We can compute the average predictive correlation by extracting the values from the 10 runs of cross-validation with sapply() and averaging them with rowMeans().

> pred.summary = sapply(pr001, `[[`, "predcor")
> print(rowMeans(pred.summary))
 YR.GLASS       YLD        HT  YR.FIELD       FUS       MIL        FT 
0.6200367 0.3678327 0.4682776 0.4460342 0.3221489 0.1300052 0.2755232
> post.summary = sapply(pr001, `[[`, "postcor")
> print(rowMeans(post.summary))
 YR.GLASS       YLD        HT  YR.FIELD       FUS       MIL        FT 
0.6064308 0.1879596 0.4692378 0.3834637 0.2549408 0.1200143 0.2756023

Averaging the network structures

Similarly, we can compute the averaged network structure by extracting all the Bayesian networks, save their arc sets in a list (arclist) and passing it to custom.strength().
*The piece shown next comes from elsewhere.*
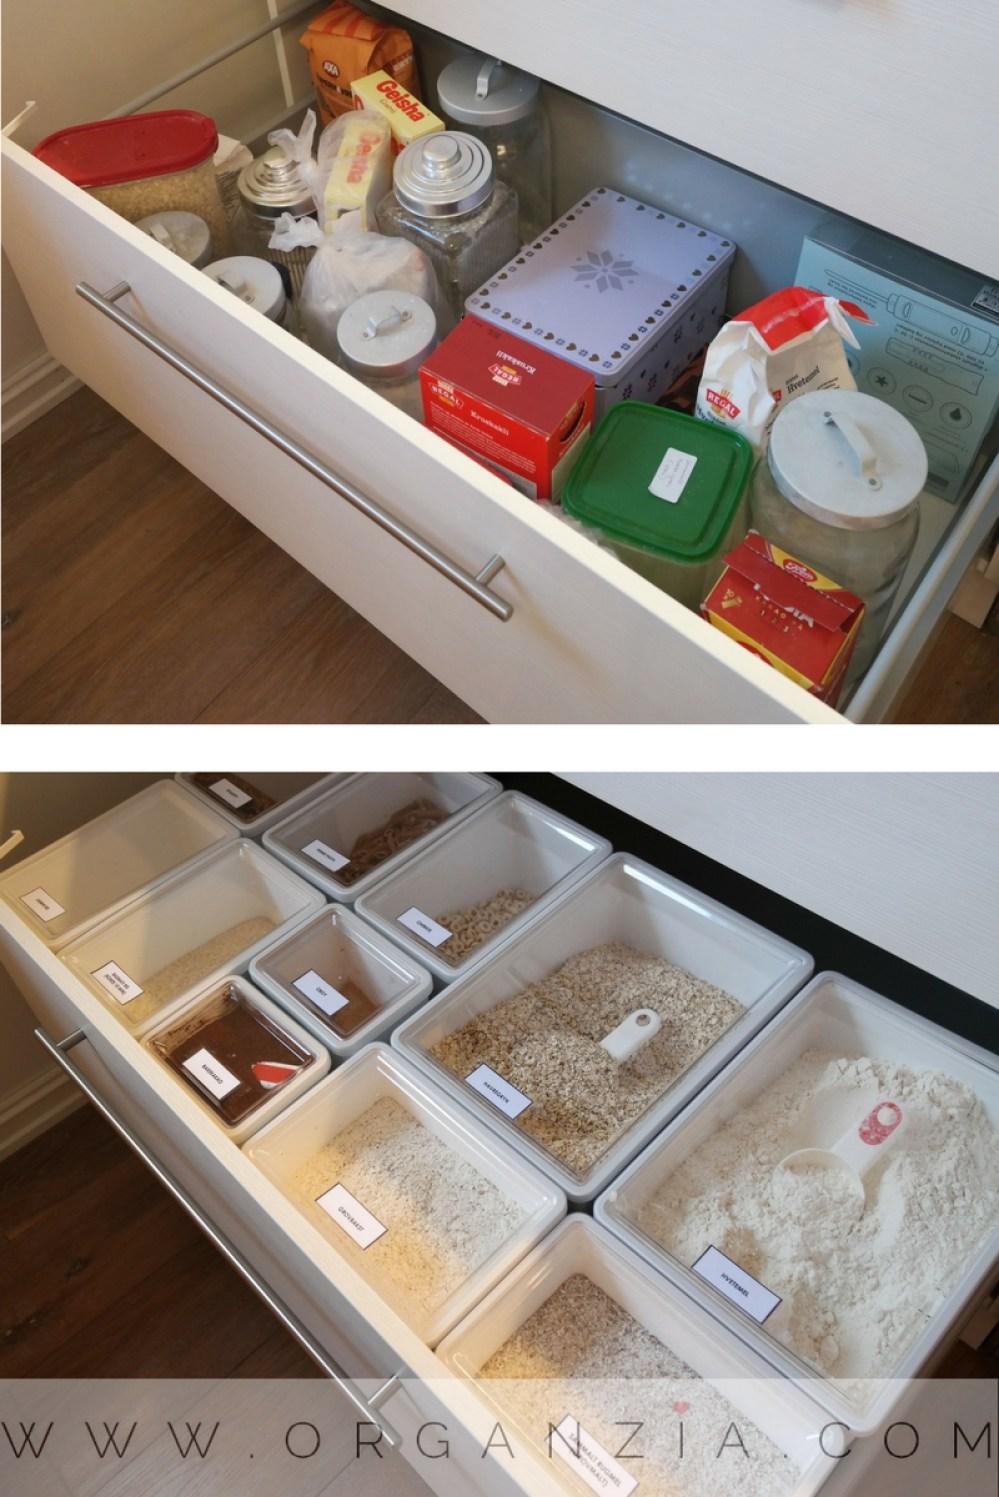 Organize the kitchen drawer

Note that different networks will have different node sets, so we need to merge them and pass the result as the nodes argument. Arcs are identified as significant by averaged.network() based on their frequency in the cross-validated networks, which is computed by custom.strength().

> # gather all the arc lists.
> arclist = list()
> 
> for (i in seq_along(pr001)) {

+   # extract the models.
+   run = pr001[[i]]$models

+   for (j in seq_along(run))
+     arclist[[length(arclist) + 1]] = arcs(run[[j]])

+ }#FOR
> 
> # compute the arc strengths.
> nodes = unique(unlist(arclist))
> strength = custom.strength(arclist, nodes = nodes)
> # estimate the threshold and average the networks.
> averaged = averaged.network(strength)

The averaged network averaged and the arc strengths strength can then be used to produce a plot similar to that included in the paper. For readability, it is useful to remove isolated nodes beforehand; it may happen that all arcs incident on a node have been deemed non-significant by averaged.network() and thus the node has no actual impact on the model.

Plotting the averaged network

> # subset the network to remove isolated nodes.
> relevant.nodes = nodes(averaged)[sapply(nodes, degree, object = averaged) > 0]
> averaged2 = subgraph(averaged, relevant.nodes)
> strength2 = strength[(strength$from %in% relevant.nodes) &
+                      (strength$to %in% relevant.nodes), ]
> attr(strength2, "nodes") = relevant.nodes
> gR = strength.plot(averaged2, strength2, shape = "rectangle", layout = "fdp")
plot of chunk unnamed-chunk-11

We can add colours to the plot using the gR object returned by strength.plot(); and the nodeRenderInfo() and edgeRenderInfo() from the Rgraphviz package. renderGraph() can then be called to plot the network again.

> nodeRenderInfo(gR)$fill = "lightblue"
> nodeRenderInfo(gR)$fill = "lightblue"
> nodeRenderInfo(gR)$col = "darkblue"
> nodeRenderInfo(gR)$fill[traits] = "limegreen"
> nodeRenderInfo(gR)$col[traits] = "darkgreen"
> a = arcs(subgraph(averaged, traits))
> a = as.character(interaction(a[, "from"], a[, "to"], sep = "~"))
> edgeRenderInfo(gR)$col = "grey"
> edgeRenderInfo(gR)$col[a] = "darkgreen"
> renderGraph(gR)
plot of chunk unnamed-chunk-12
Last updated on Fri Nov 25 19:36:06 2022 with bnlearn 4.9-20221107 and R version 4.2.2 Patched (2022-11-10 r83330).